You nitpickers have made me sorry I posted the photos of my little Sharps pistol.

Notice I did not say either pepperbox or derringer.

I hope somebody at least looked at the two videos I posted because they were full of all kinds of interesting information about pepperboxes.

Replicas of my little Sharps pistol were imported by Navy Arms at one point, however they were chambered for 22 Long Rifle, not 22 Short like mine is.
 
"pepperbox in which the barrels didn't revolve."
Think about it.
Technically, pepperbox barrels revolve- just like turning a pepper mill. That's why they are called pepperboxes.
 
Technically, pepperbox barrels revolve- just like turning a pepper mill. That's why they are called pepperboxes
Most do, but some do not.

Flayderman's guide is but one of many authoritative sources that have been describing the Sharps and Sharp & Hankins pistols as a "pepperboxes" for many years.
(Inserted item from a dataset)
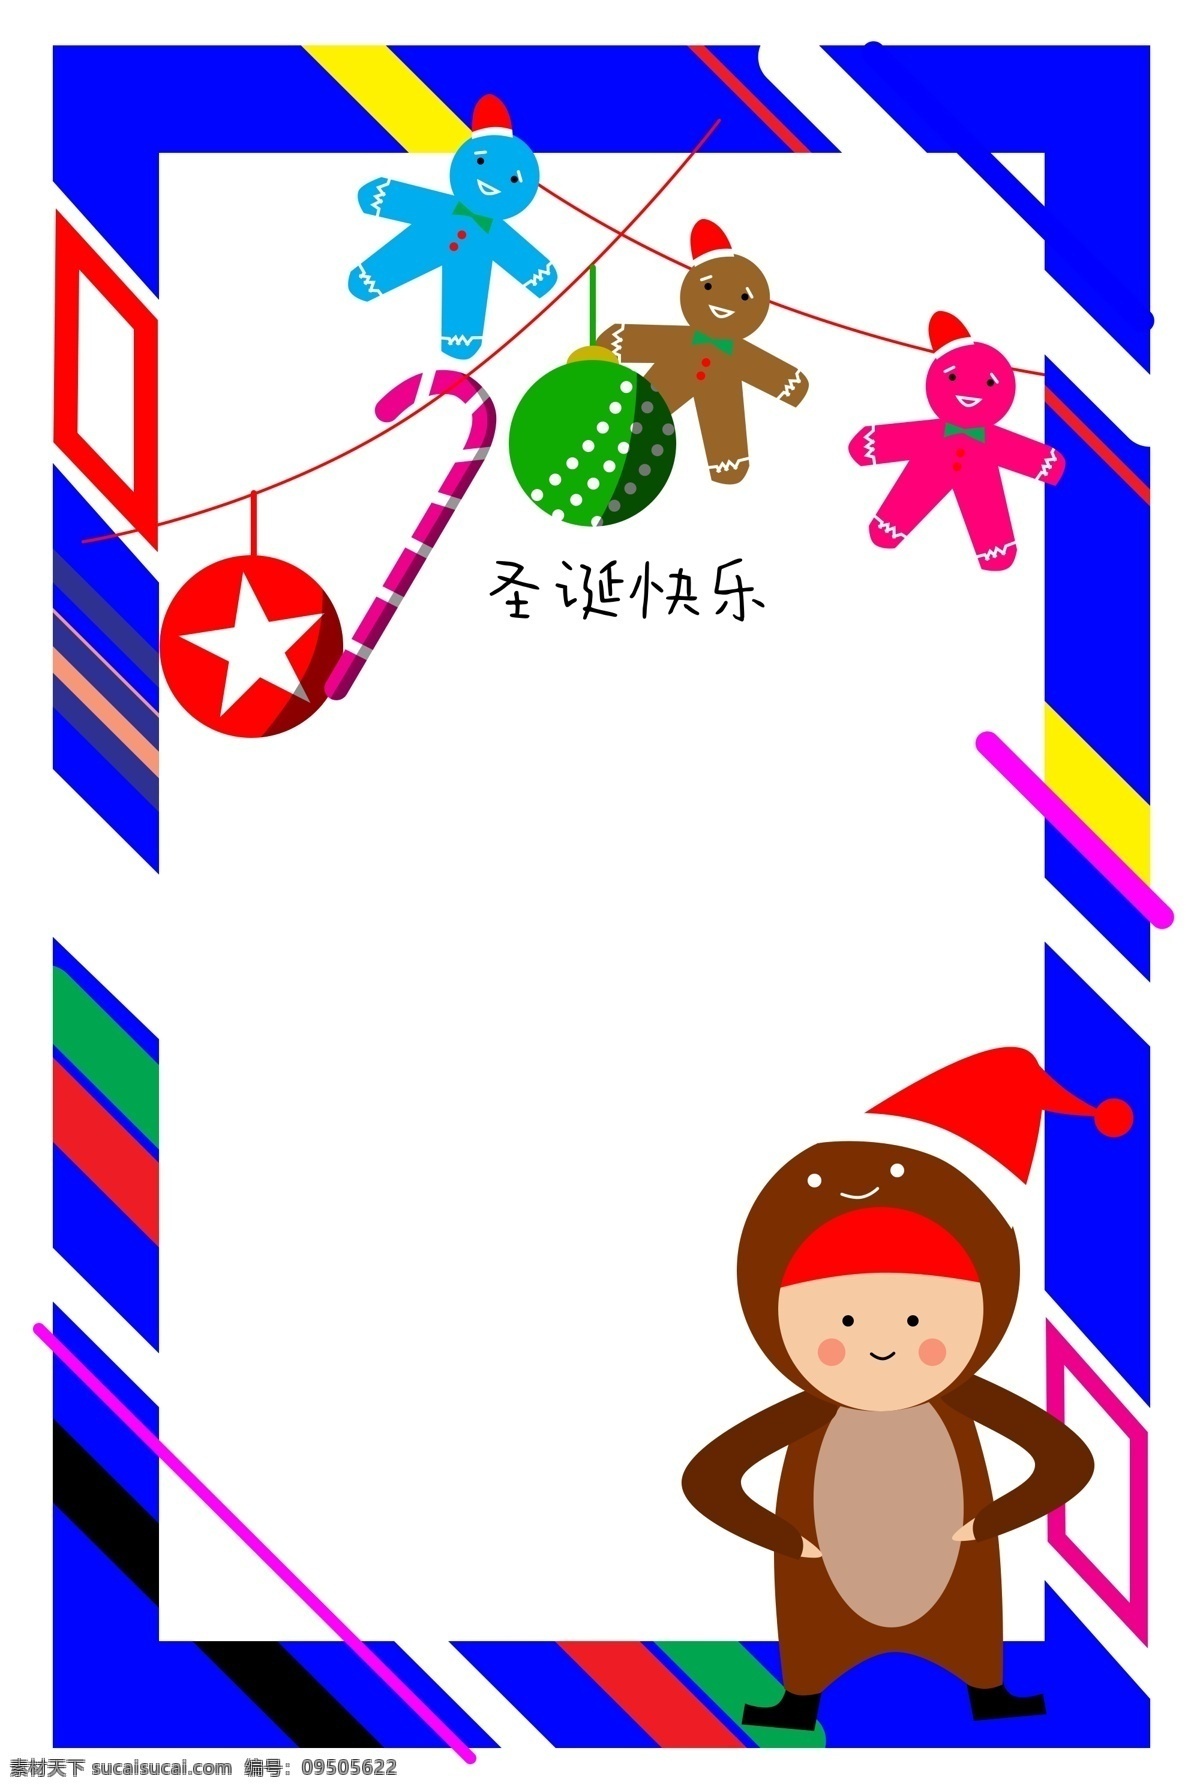 圣诞节 饼干 人物 边框 圣诞节边框 彩色的饼干 紫色的糖果 红色的五角星 红色的圣诞帽 卡通人物边框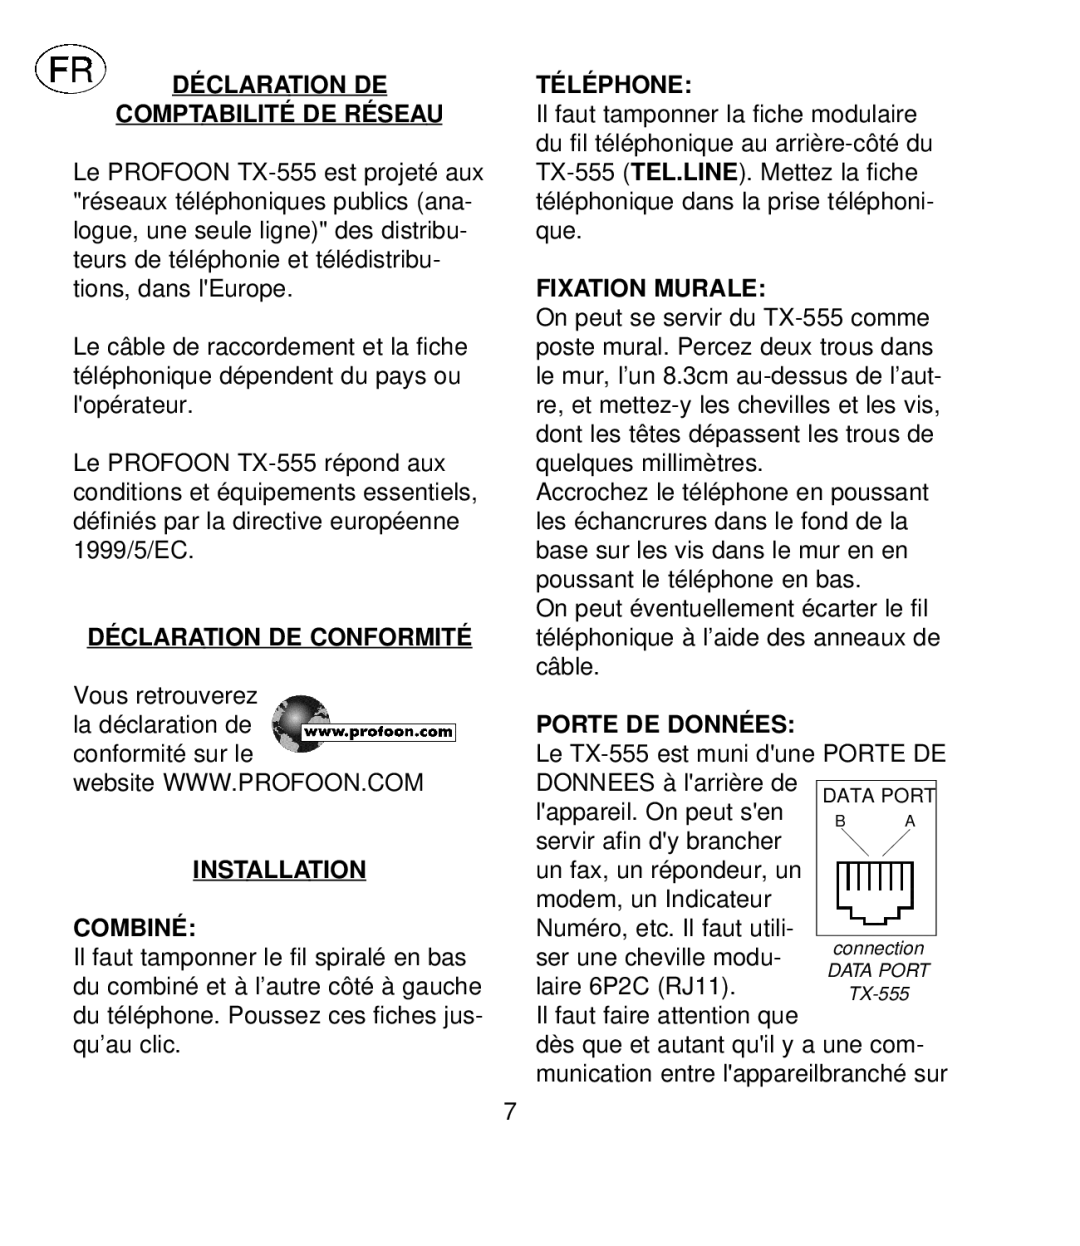 Profoon Telecommunicatie TX-555 manual Comptabilité De Résea U, Déclara Tion De Conformité, Installation Combiné, Téléphone

The Remington Eliot pistol was similarly described, and its barrels did not revolve.

Norm Flayderman acknowledges that there is controversy about the subject, and he characterizes those who insist the pepperbox barrels must rotate as "hard liners".

The multi-barrelled pistols with revolving barrels predators the pepper milll by centuries. No one seems to know just how the pistol became to be so called, but in the early 1960s, Mark Twain wrote this:

"He wore in his belt an old original "Allen" revolver, such as irreverent people called a 'pepper-box'. "​

The pepper mill was invented by Peugeot in 1874.

Before that, pepper was ground in the kitchen in a mortar and pestle, and put on the table in a pepper box that required a spoon. Then, still some centuries before Peugeot's invention, pepper dispensers with multiple holes replaced the open boxes.

Regardless, the very common, long use, by authoritative sources, of the term "pepperbox" to describe the Sharps should establish it as a proper term.